Bloomberg recently stated, "Everybody would like to participate, and the bottom line is everybody cannot participate. There isn't room. There isn't time. And in some cases, it's just not appropriate."

Warren described the 9/11 terrorist attack as an event that changed the world and led to wars in Afghanistan and Iraq, with many lives lost.

“This week the mayor of New York City announced that at the 10th anniversary memorial service at ground zero that there are going to be no prayers,” Warren said in church, accompanied by a smattering of boos. “Now, you know what I think about that.
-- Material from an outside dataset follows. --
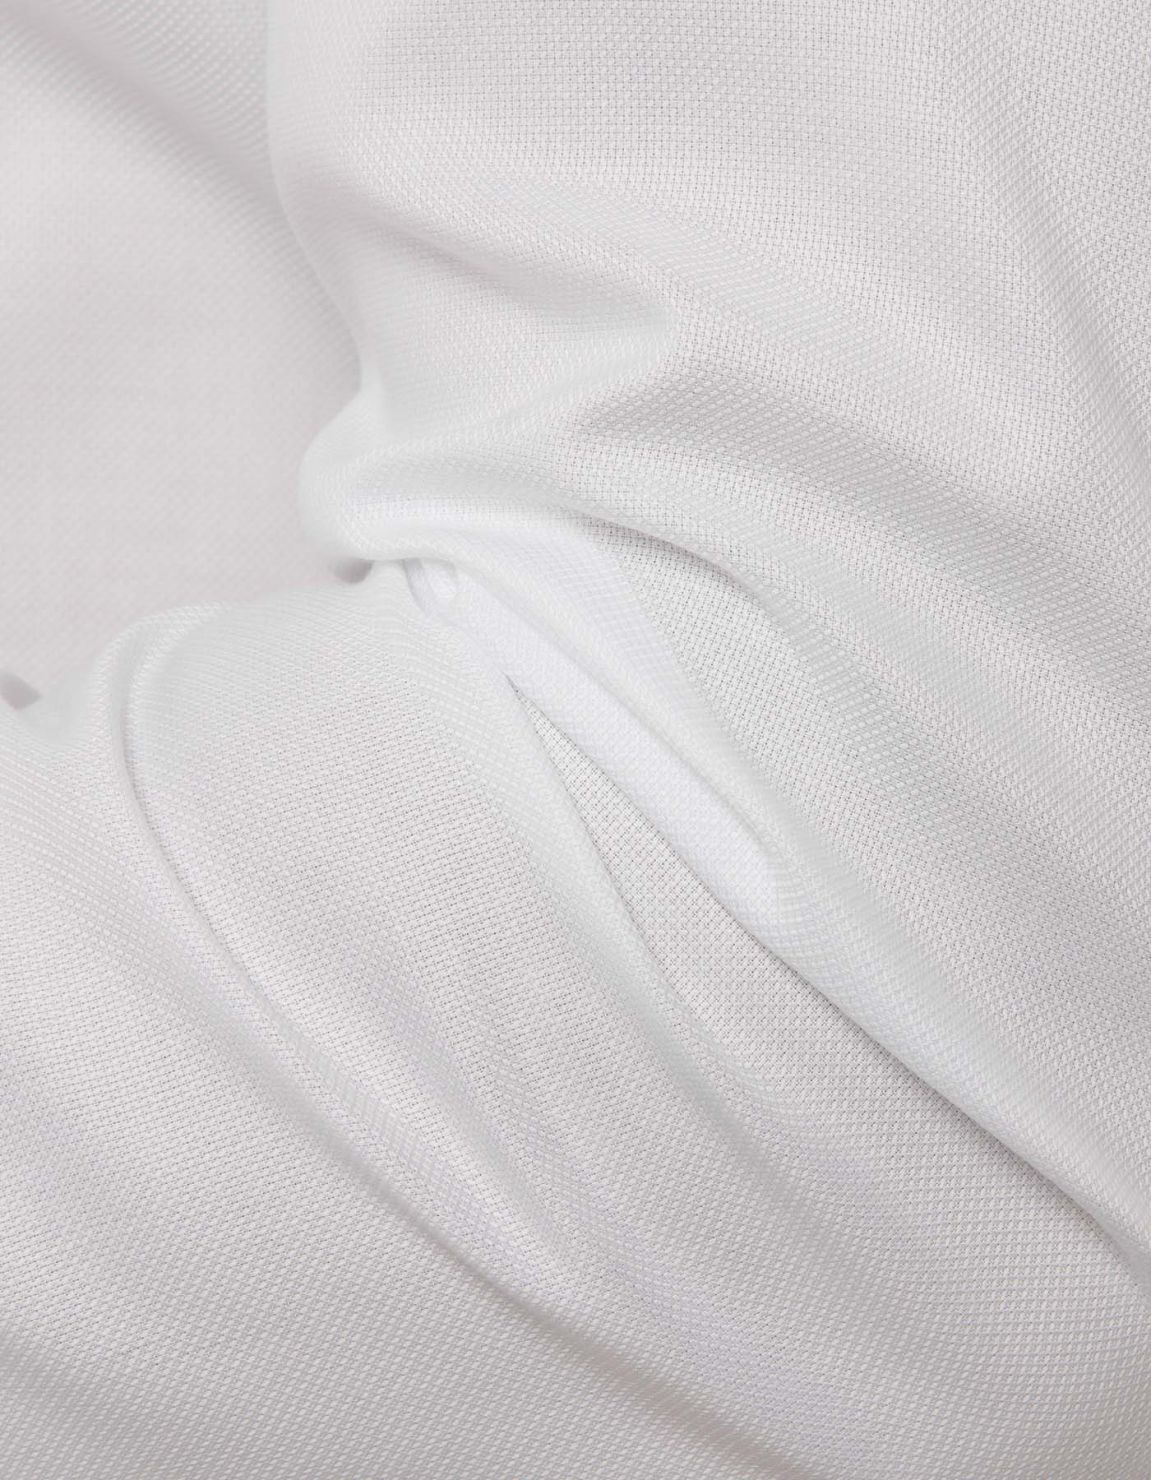 Camisa Cuello cuello abotonado Liso Oxford Blanco Evolution Classic Fit 2
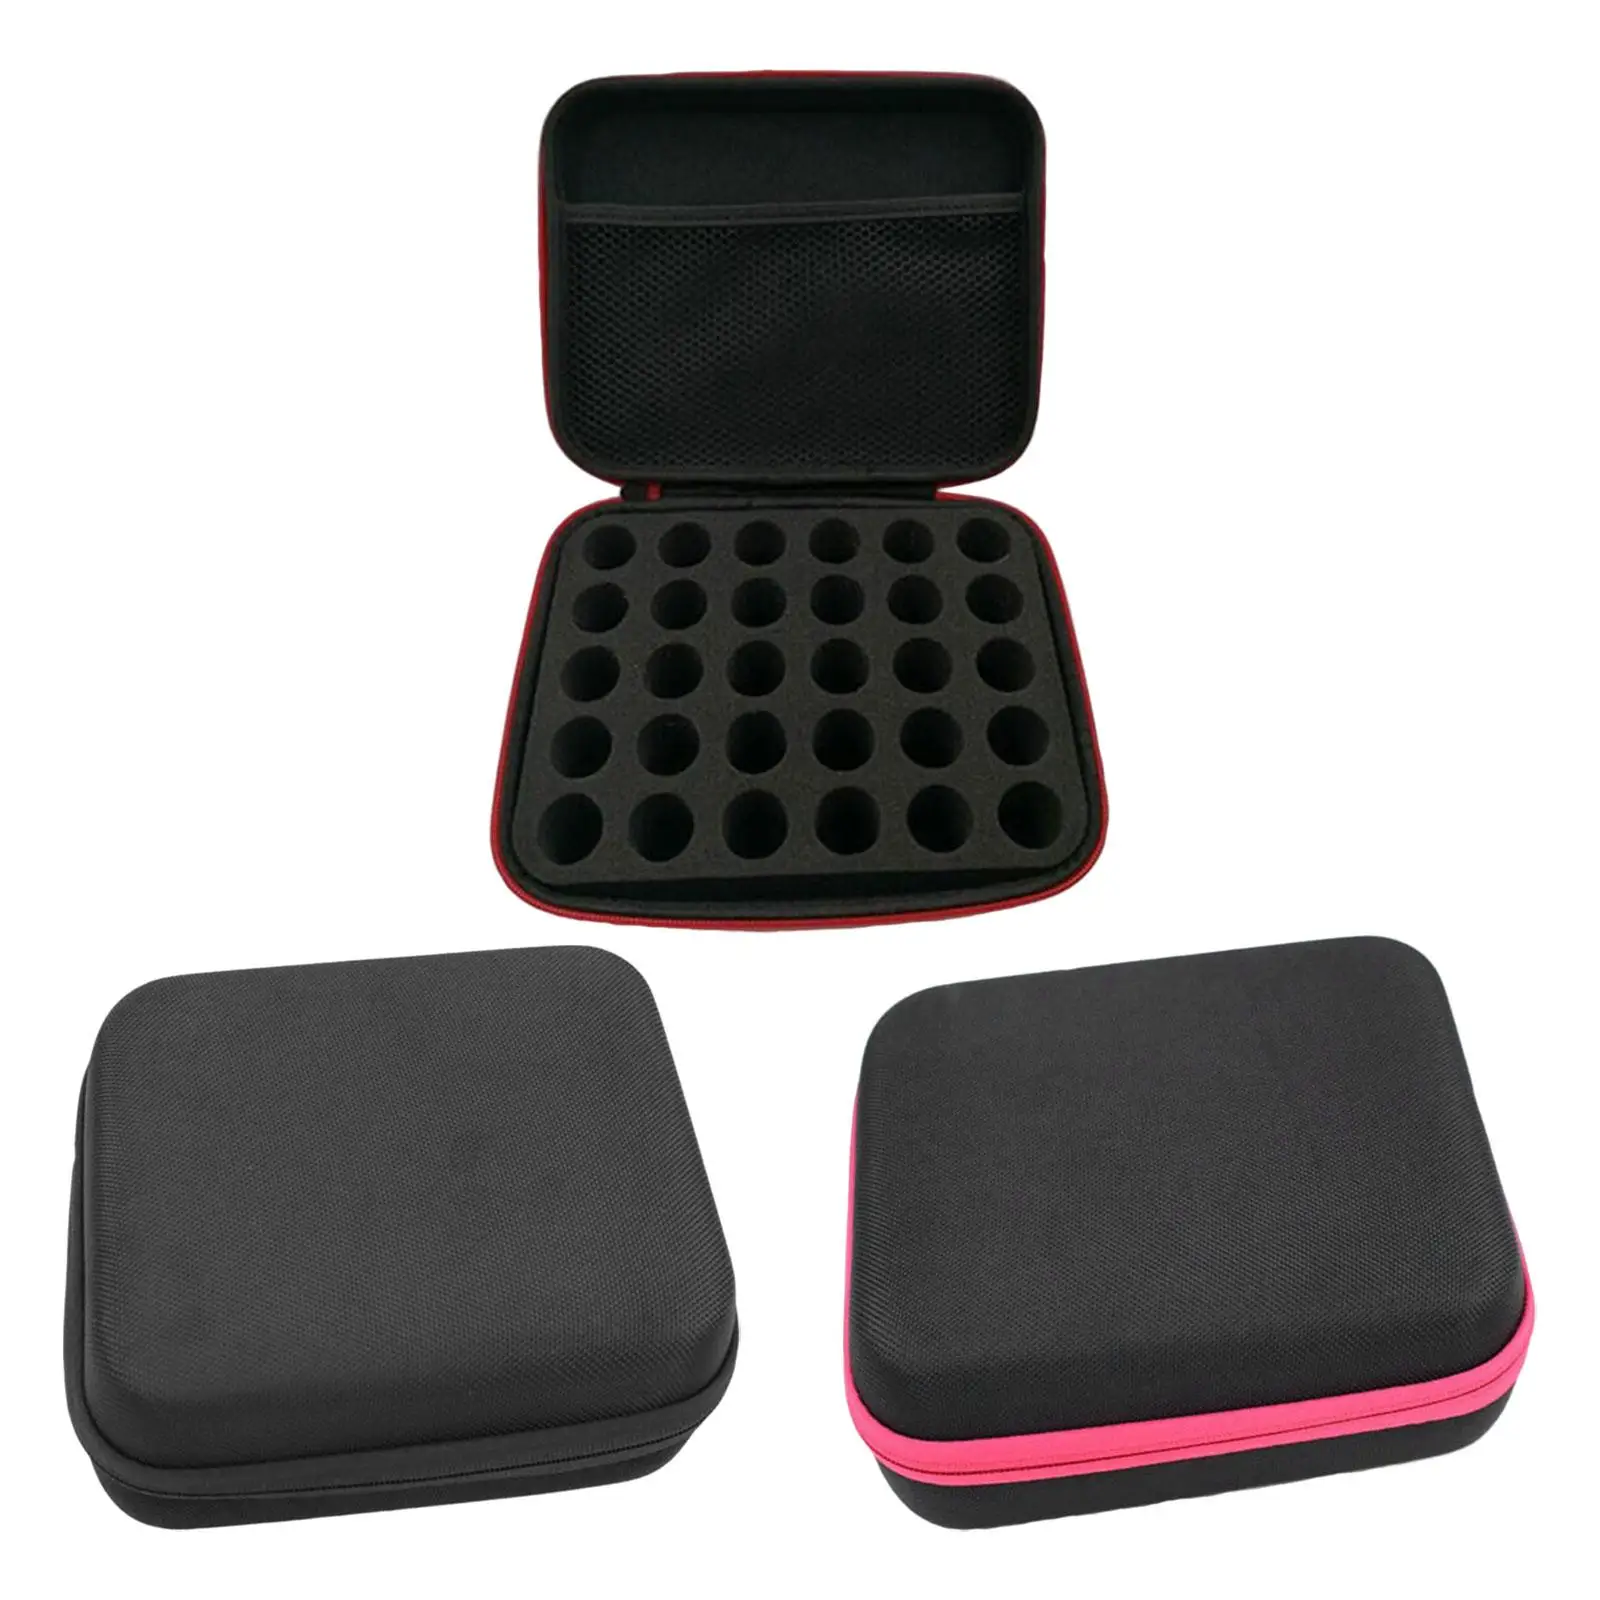  Oil Case EVA Portable Organizer Bag Impact Resistant Multipurpose Durable Dustproof Holder Box for Travel

So, we are going to have our own nationwide, national prayer day,” he said to applause.

Warren said that Saddleback sent two of the church’s pastors to New York City to start two churches “in order to take care of the spiritual needs of a very confused and broken city.” Lower Manhattan Community Church was originally called Mosaic.

“On 9/11 weekend we are going to link up with our daughter church in New York City. Ryan is going to help me with this service where he is going to broadcast from ground zero,” Warren continued during his announcement to the church. “We’re going to have some testimonies out of our church in New York City of people who were there on 9/11.”

Warren added that the weekend services will also be “an enormous opportunity for us to honor the people who have kept our nation free.”

“This will be a nationwide coast-to-coast linkup to have prayer. Of all the times, America needs prayer,” Warren said and then rhetorically asked, “Do you think it needs prayer right now?”

Holladay told The Christian Post that Lower Manhattan Community Church commemorates 9/11 on the first Sunday in September every year, but there is more emphasis on the ceremony this year because of the 10th anniversary.

“We want to give people an opportunity to process the anniversary from a spiritual perspective,” Holladay said. “It wasn't just a national or civic tragedy, it was a spiritual tragedy, and we want to support people as they work through it. 9/11 left a spiritual vacuum behind for many people. We want to fill that vacuum with God's love.”